Author: Dr Jone Brown
To: Department of History
Subject: Interstellar travel
Author: Dr Jone Brown
To: Department of History
Subject: Interstellar travel
Travel is the biggest subject in the current day, perhaps even greater than politics or religion. You never stop moving, even if you think you're still. Movement in space is pretty straightforward; position your craft in the right direction and fire up the propulsion system. Doing flybys of planets or other massive bodies to boost your speed in the right direction was historically used before the advent of more sophisticated boosters and is still standard procedure today in many systems. Common speeds of most craft range between 350,000 and 450,000 miles per hour, with military vessels often going up to 800,000 mph and launched missiles and torpedoes averaging at 1,300,000 mph. While this has been shown to be rather quick, this hardly compares to light speed, which is a bit faster than that. Contrary to standard physics models, superluminal speeds have been achieved in the past, but require specialized drives that are very rare and is generally unstable due to the craft often phasing into [[INVALID MEDIA]]. This only accounts for two of the many various other issues for such a mode of transportation.
Fortunately, superluminal speeds are unnecessary due to the development of the hyperdrive, or Jell Drive. They allow for the creation of a temporary crack in the fabric of space-time that leads to hyperspace. Hyperspace is the outermost layer of Jell and is compressed enough for objects to make thousand-year journeys in months. The process of emerging from hyperspace is identical to that of entering, in which a craft will open a crack in hyperspace that leads to standard space. While hyperspace travel is always faster than standard space travel, the actual travel efficiency is wildly inconsistent and may take between days to years to reach the same place from the same starting point in different trips. On top of this, most hyperdrives become unstable after use and require up to a couple weeks to re-stabilize, lest a ship risks a drive breakdown and is marooned wherever the failing hyperdrive spits it out at.

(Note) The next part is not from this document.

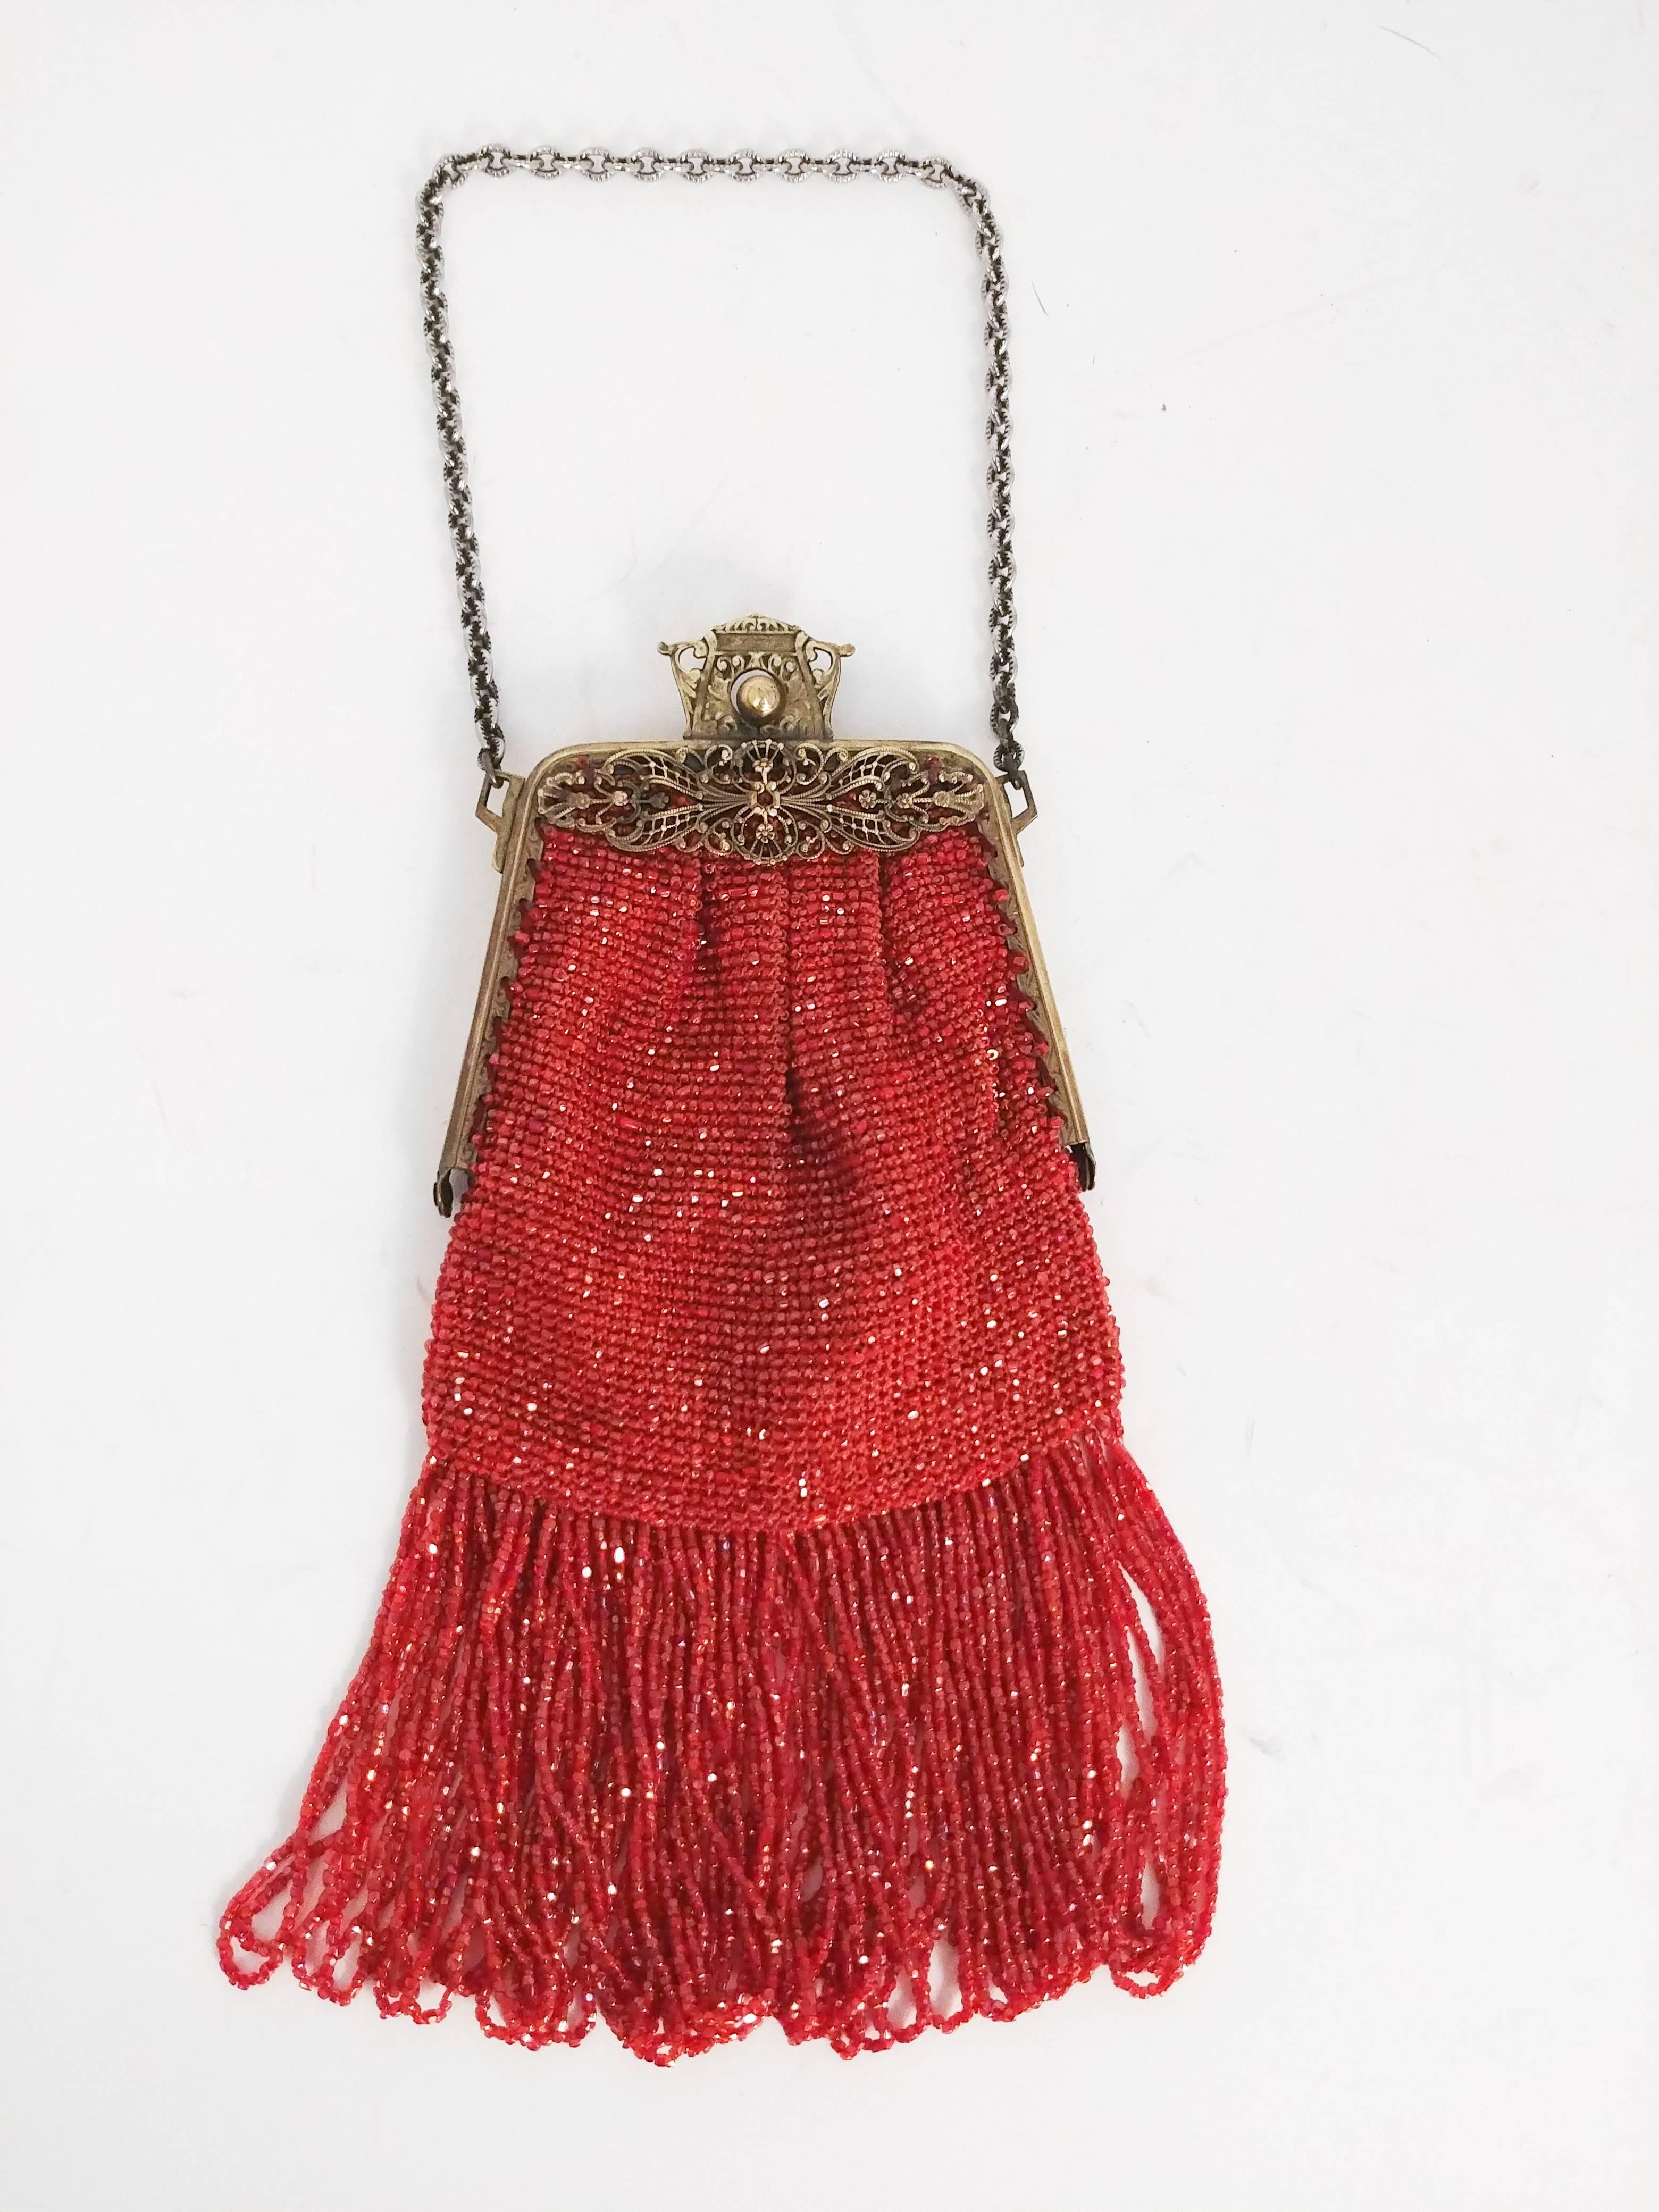 1920s Blood Orange Glass Bead Fringe Purse. Intricate filigree clasp and frame, chain link handle. Looped glass bead fringe trim. Brightly printed floral lining adds surprise pop of color.

The most reliable hyperspace corridors are referred to as "highways", and act as the interstellar analogs of roads or shipping lanes on terrestrial bodies. These lanes and systems that lie on them are fiercely contested, though combat in hyperspace itself is extremely rare due to energy beams and projectiles below a certain mass threshold naturally phasing into standard space. This is also why space walks or probe deployment in hyperspace is infeasible, making any damage on traveling ships very dangerous.
The use of "wormholes" is also fairly popular outside the Gergosphere, but wormhole gates must be physically constructed at a fixed location and are very energy-demanding. While faster and more reliable than hyperspace, wormholes also retain the same issues as that of hyperspace highways (prone to crowding and generating conflicts). In the Gergosphere, wormholes are primarily found between systems of high population and value, with the most notable ones being the Nosopotamian-Urban route and the Veneteria-Cisplatine route.
Other known methods of interstellar travel are typically avoided due to impracticality, limited knowledge, or both. "True Interstellar Vehicles" (True ISVs) make the journey between stars by brute force alone, taking tens, hundreds, or even thousands of years to reach a destination. Such vehicles are no longer standard practice and haven't been in millennia, though there are an unknown number of True ISVs that are still currently adrift in space going to destinations that may or may not exist anymore. As mentioned before, superluminal drives mitigate the long times, but are arguably worse than a standard brute force True ISV for all their issues. Thresher raiding fleets bypass both caveats, for instead they seem to take advantage of interstellar gravitational storms to "ride" faster than light through the use of specially designed "sails". This has proven effective for them, but is only limited in or near the Divide where storms are frequent and reliable.
"Compression jumping" is not a proven method of safe or reliable travel, and has resulted in catastrophic failure nearly every time it has been attempted. The same goes for "glitching", "displacing", and other theoretical/pseudoscientific undocumented methods that have each resulted in lost ships and dead men. Any reports of such methods working are either fabricated, misinterpreted, or occurred under extreme circumstances that are unlikely to be replicated. These will not be elaborated on to deter copycats.